=== TO DO ===
Print out the full material below, exact in every line, with no images included.

(DATA EXCERPT Opens)

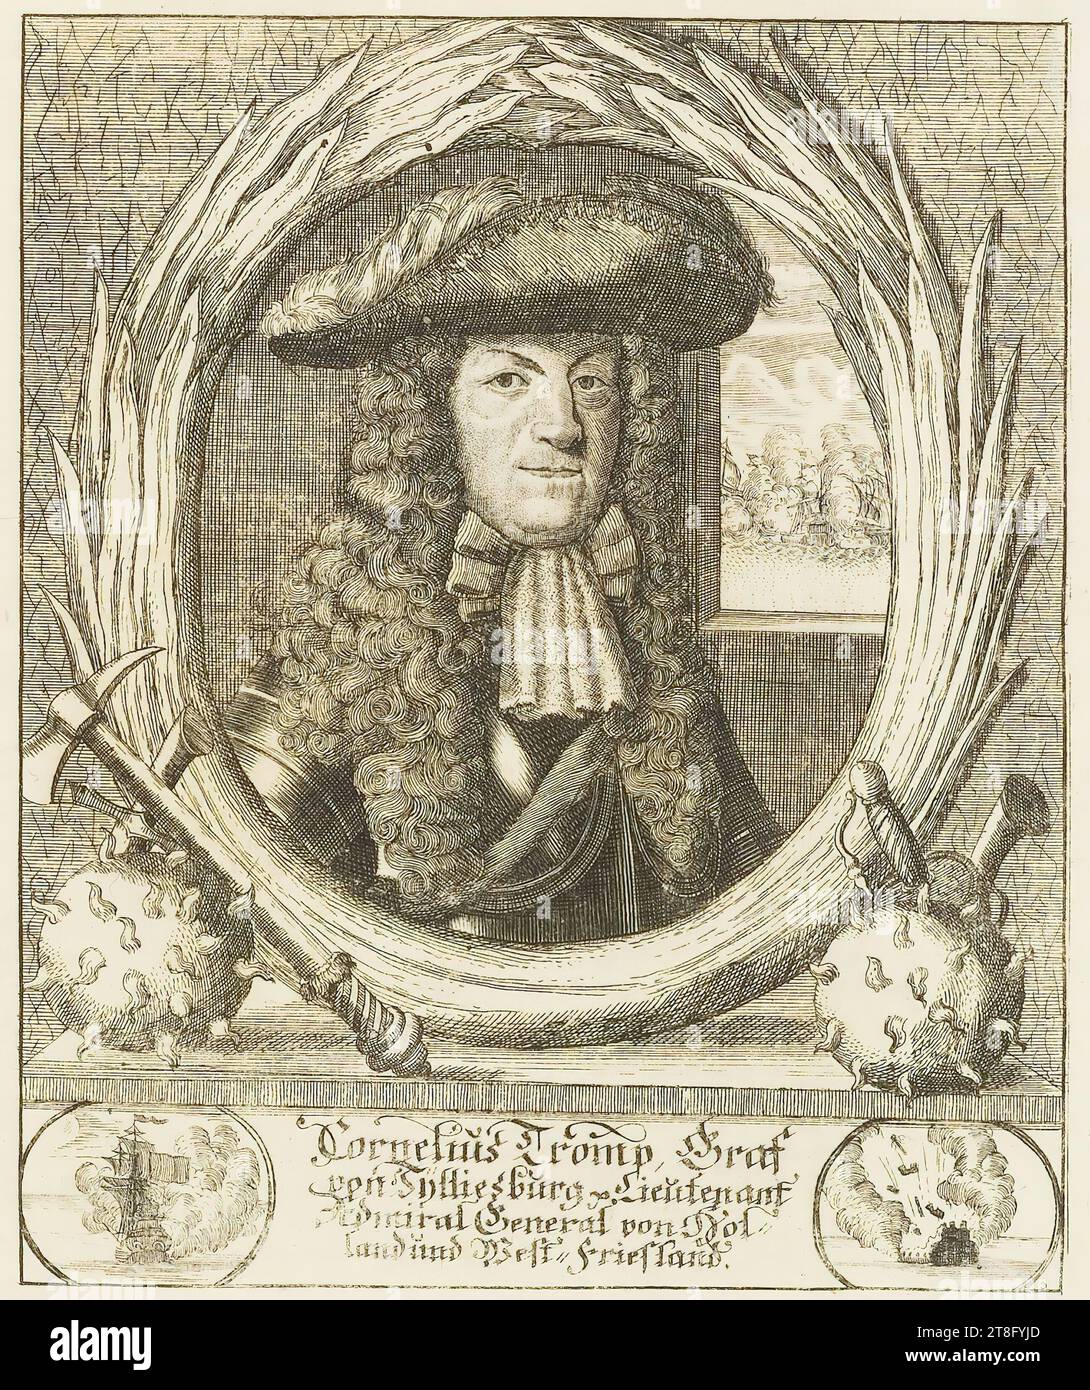 Cornelius Tromp, Count, von Sylliesburg & Lieutenant, Admiral General von Holland und and West,friesland Stock Photo
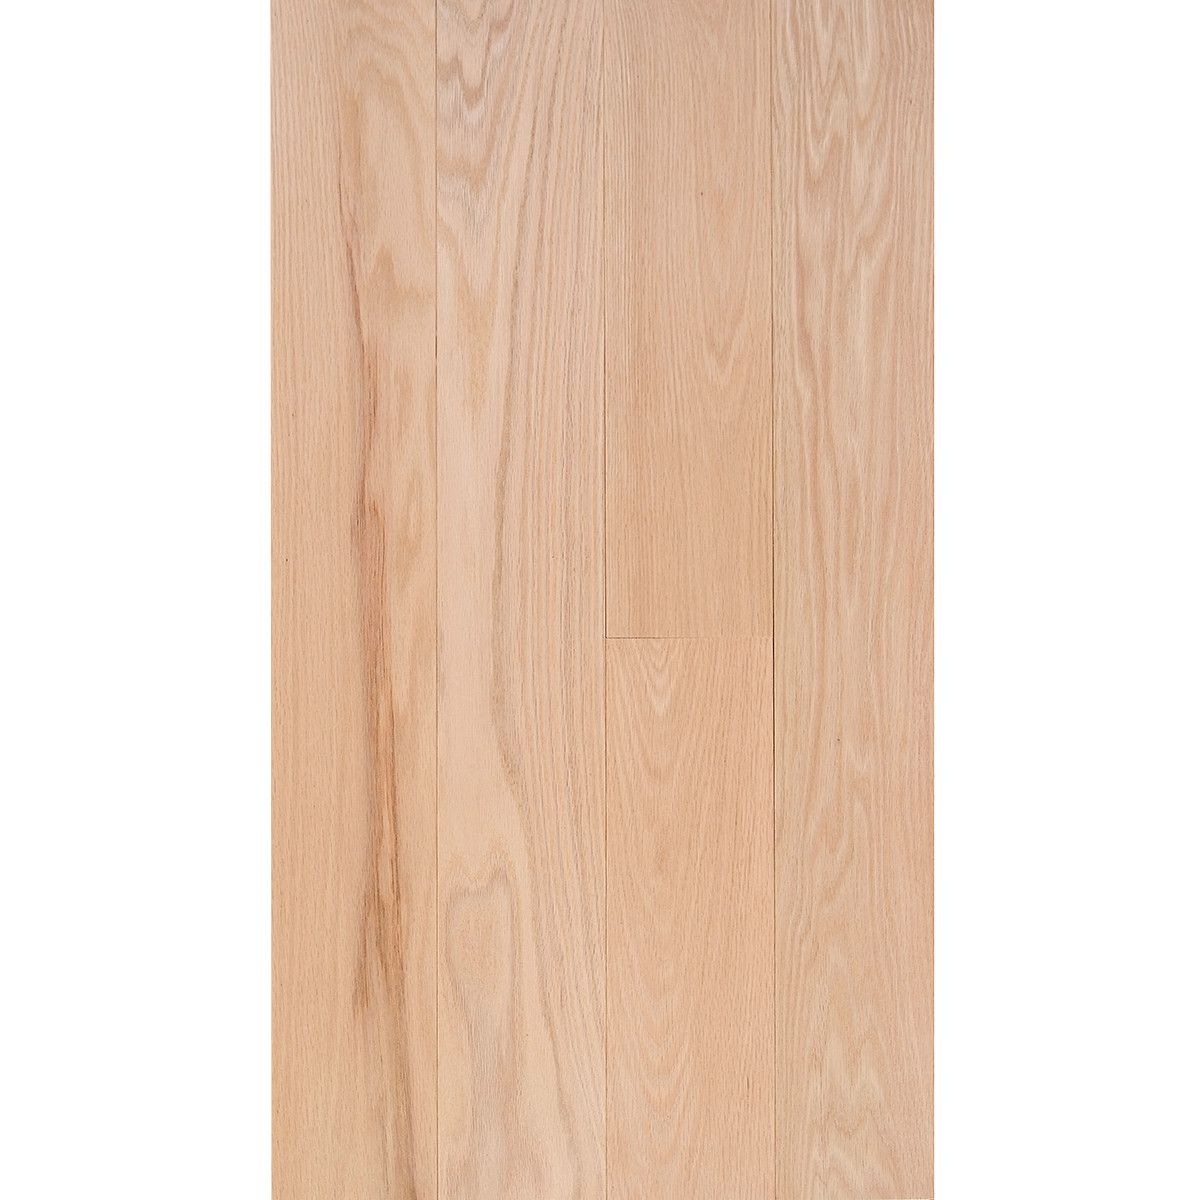 unfinished oak hardwood flooring for sale of red oak 3 4 x 5 select grade flooring throughout fs 5 redoak select em flooring
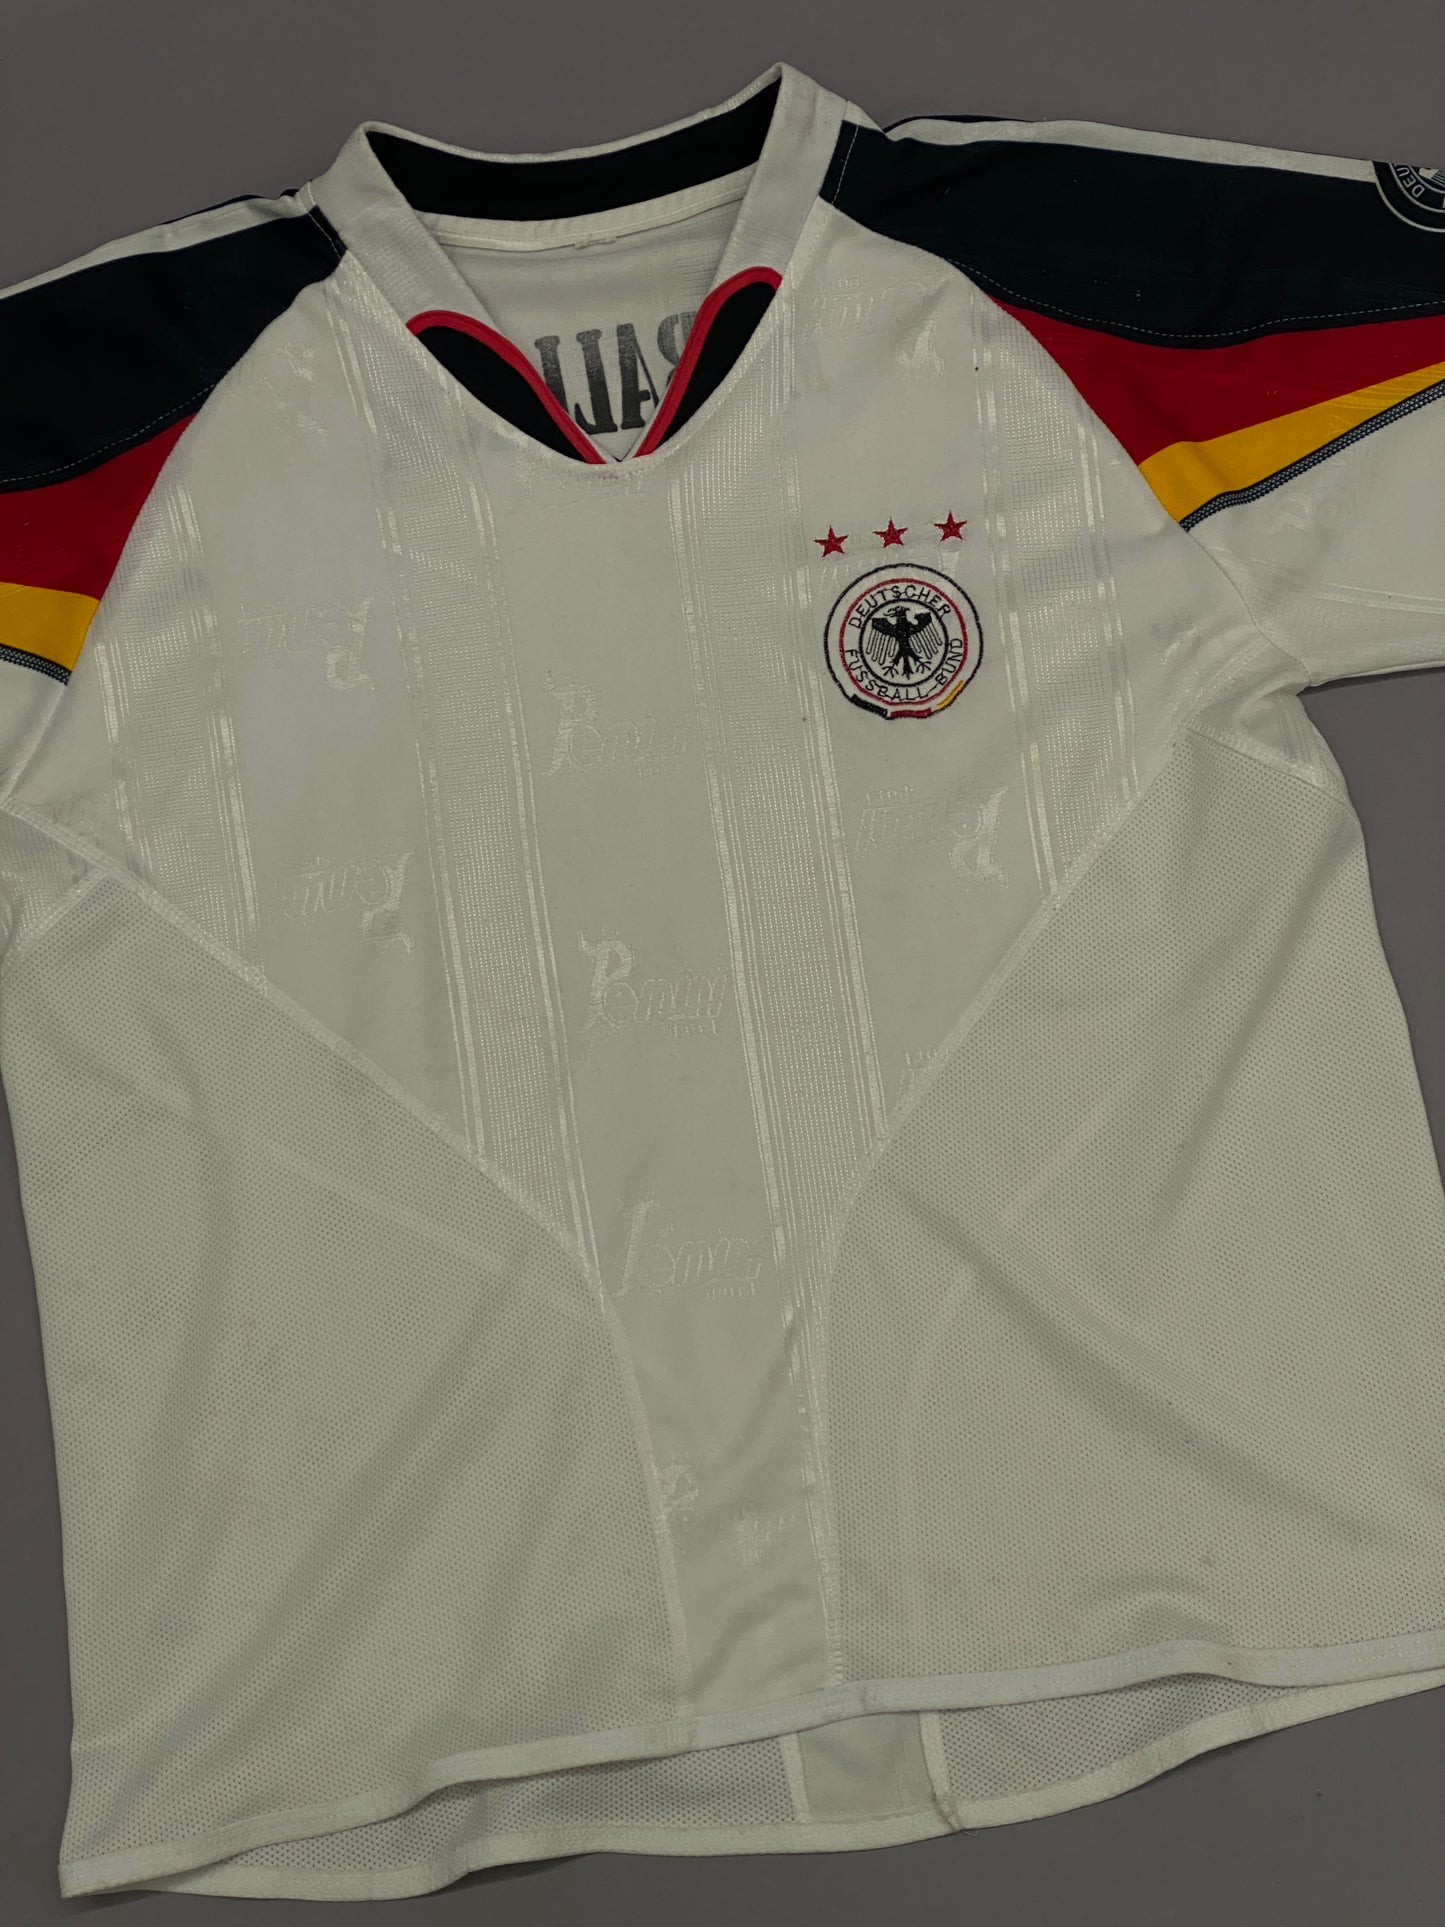 Jersey Alemania Euro Copa 2004 Vintage
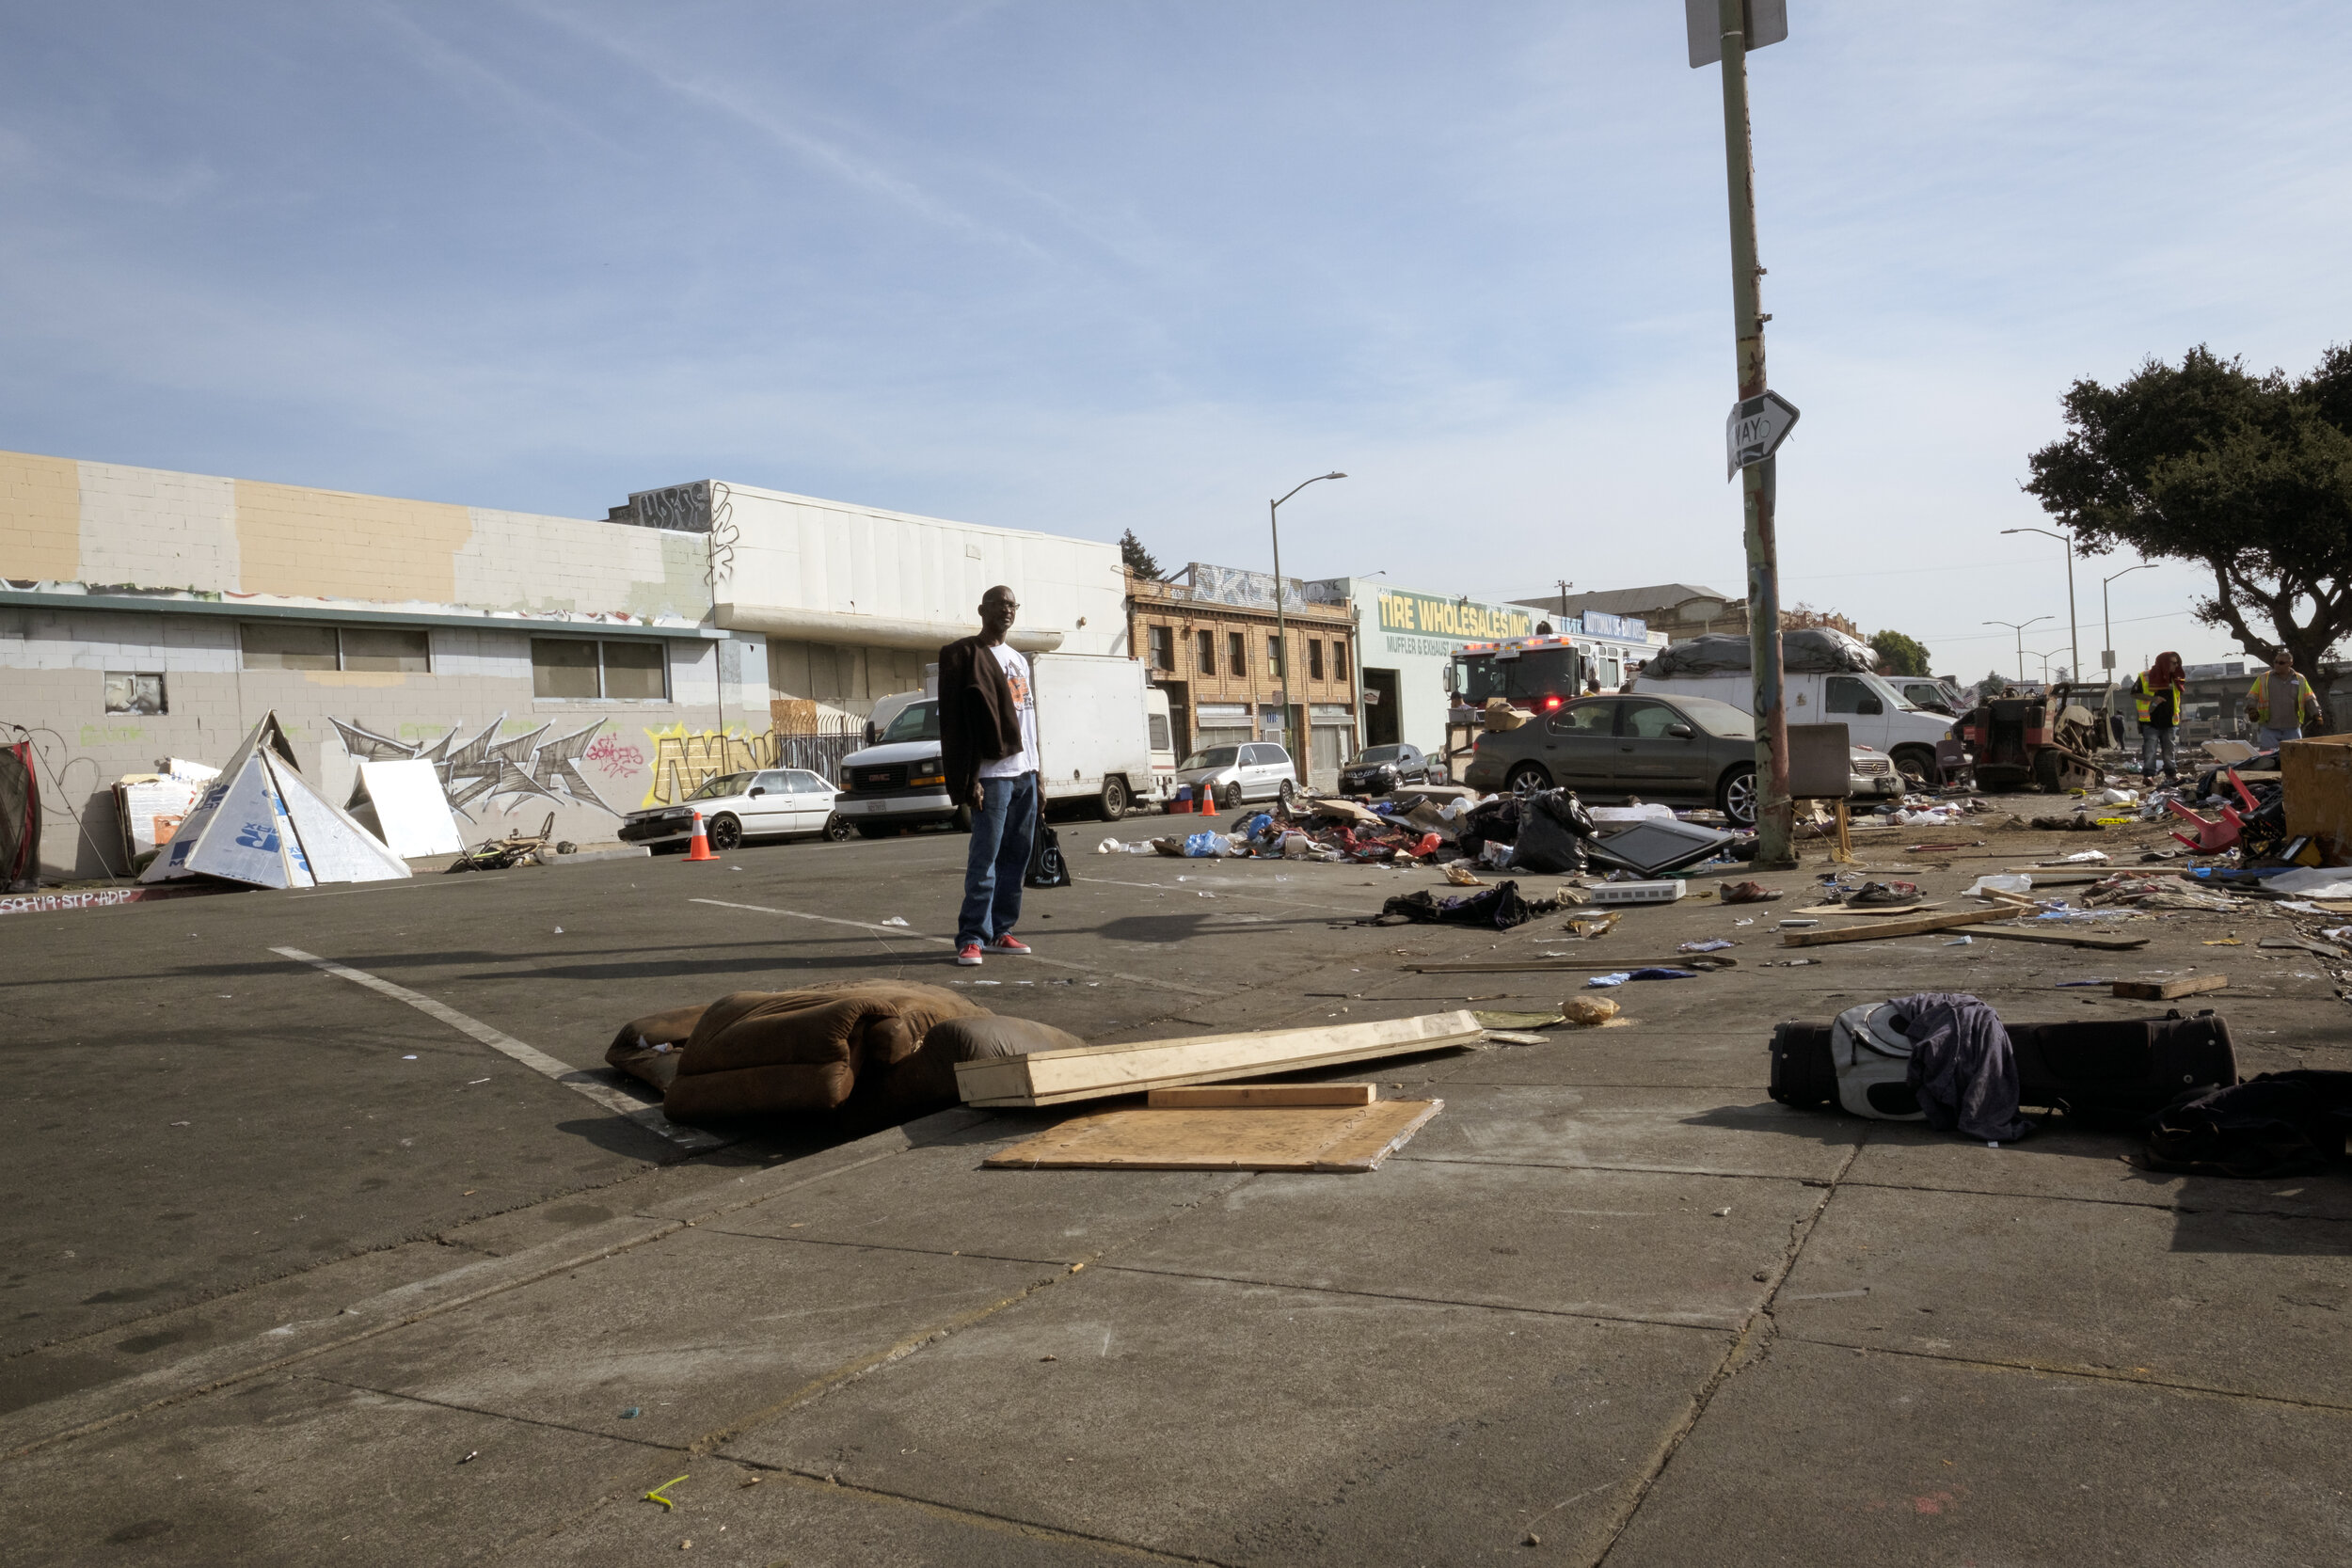 Stapp_Oakland_Homeless_Eviction_18.jpg

(DATA EXCERPT Closes)

=== RESULT OF THIS TASK ===
 Cornelius Tromp, Count, von Sylliesburg & Lieutenant, Admiral General von Holland und and West,friesland Stock Photo
 unfinished oak hardwood flooring for sale of red oak 3 4 x 5 select grade flooring throughout fs 5 redoak select em flooring
 Jersey Alemania Euro Copa 2004 Vintage
 Stapp_Oakland_Homeless_Eviction_18.jpg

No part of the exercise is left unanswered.